In Italia, paradossalmente, venne varata la prima legge in
materia già nel 1986 (Craxi- De Michelis), che largamente
influenzò quelle future. Il paradosso sta nel fatto che questo
fenomeno è cominciato solo nel secondo periodo postbellico,
per poi consolidarsi nel terzo (periodo in cui si andavano
evolvendo globalizzazione e europeizzazione). Dal secondo
dopoguerra ad oggi si è parlato poco dell’idea di Nazione, lo
stesso aggettivo “nazionale” viene percepito come nostalgico,
ed è oggetto di diffidenza e di disprezzo.
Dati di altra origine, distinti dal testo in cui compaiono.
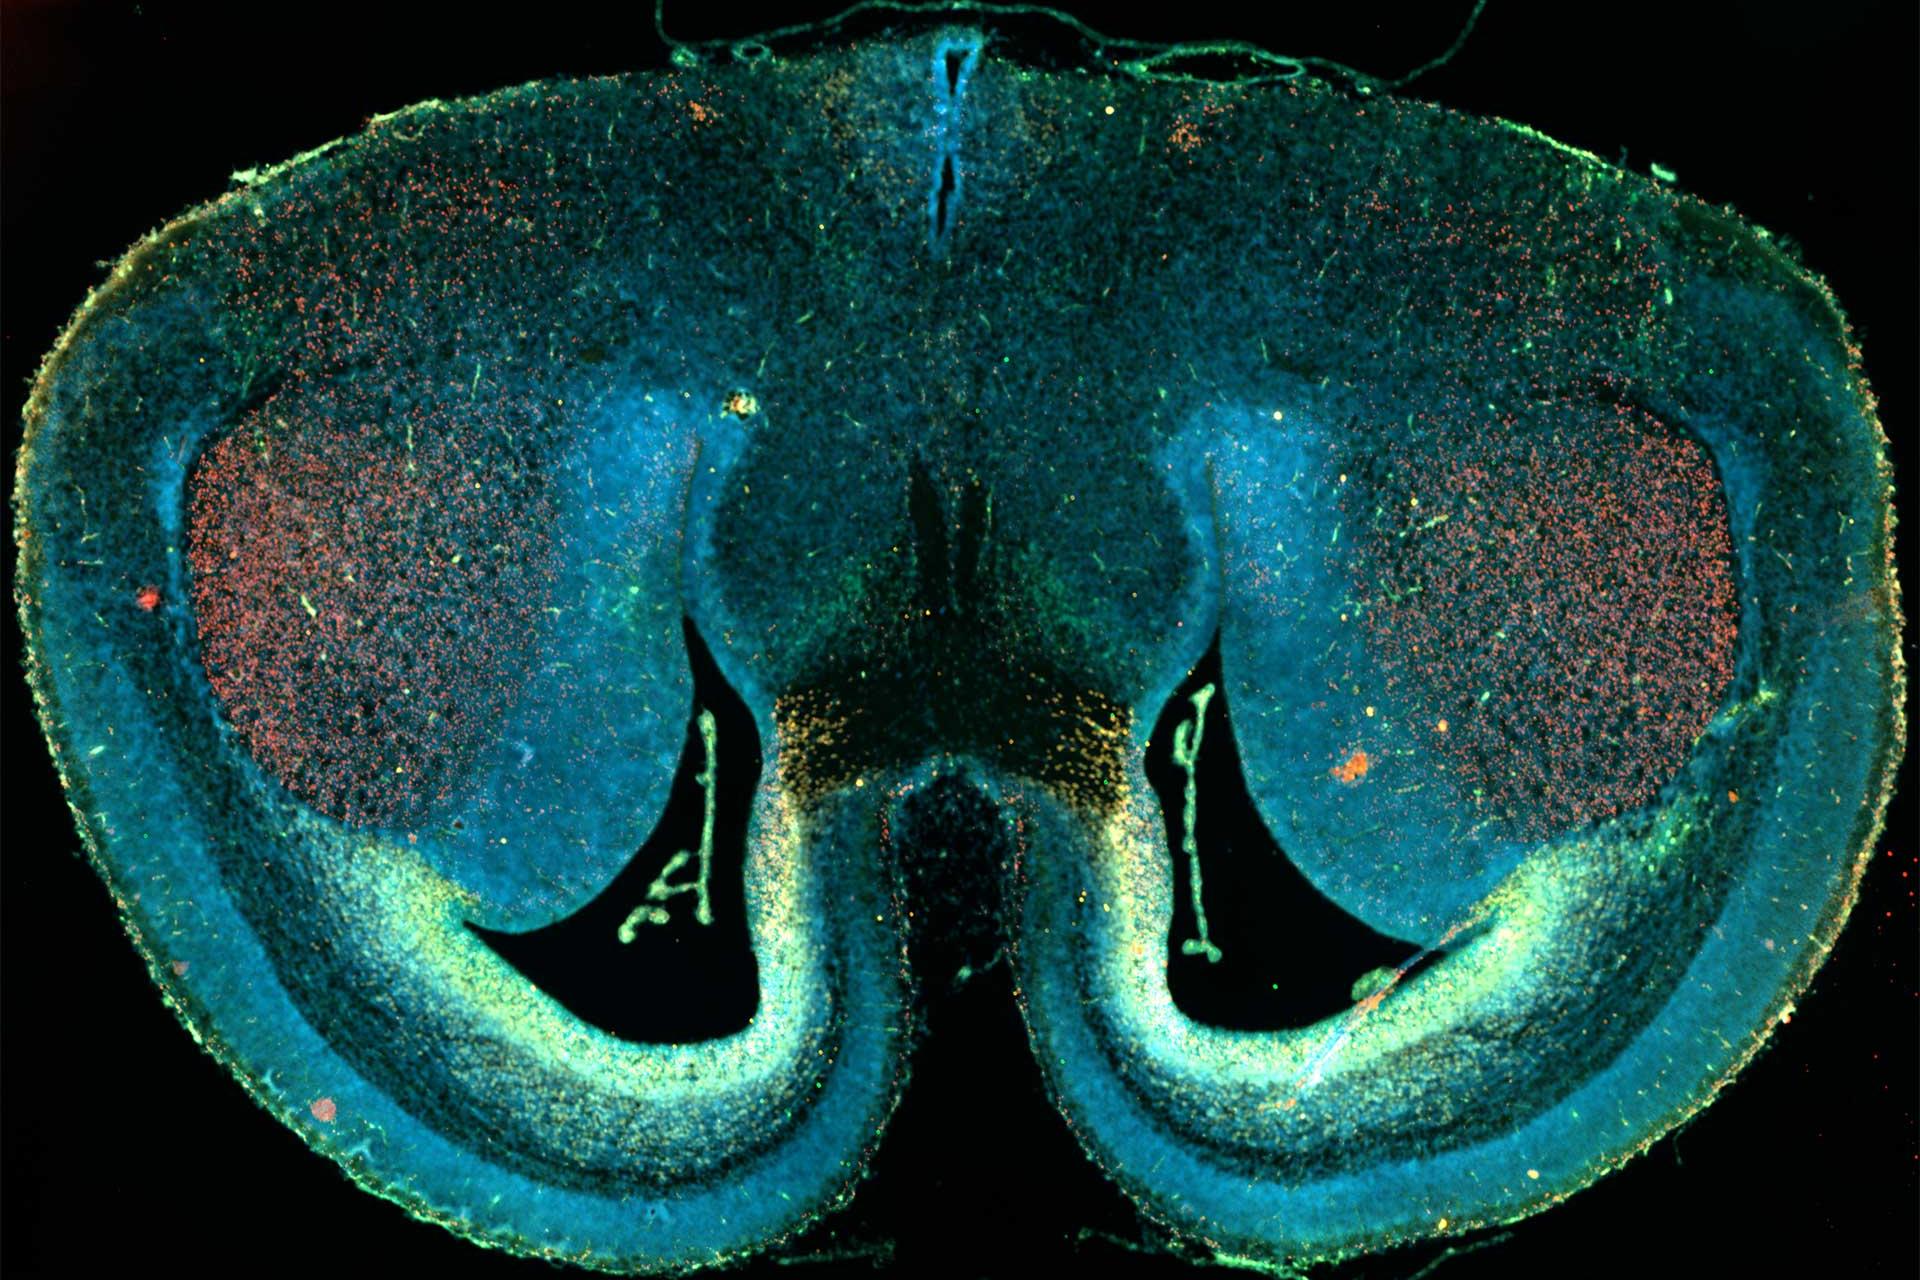 マウスの脳切片、ワイドフィールド蛍光顕微鏡とタイリングを使用してイメージング。試料ご提供：D. Mi, School of Life Sciences, Tsinghua University, China

Quindi l’idea di
nazione resta relativamente aperta e per questo motivo
potrebbe costituire uno strumento di integrazione non
indifferente, un altro punto a favore potrebbe essere
costituito dallo stesso retaggio di civiltà, straordinario
miscuglio di culture e popoli diversi.
Rimane tuttavia la speranza che vengano attuate vedute di
largo respiro sia in Italia che in tutti gli altri Paesi, e che le
istituzioni politiche e quelle scolastiche possano provvedere
ad una corretta integrazione e ad una giusta costruzione
d’identità; ma, visto che ogni cosa parte dal basso ovvero
dalla base di questa piramide societaria, sta a noi superare
tutte quelle barriere xenofobe alimentate dalla paura di uno
stereotipo per raggiungere la visione reale del mondo odierno:
multiculturalità e interculturalità.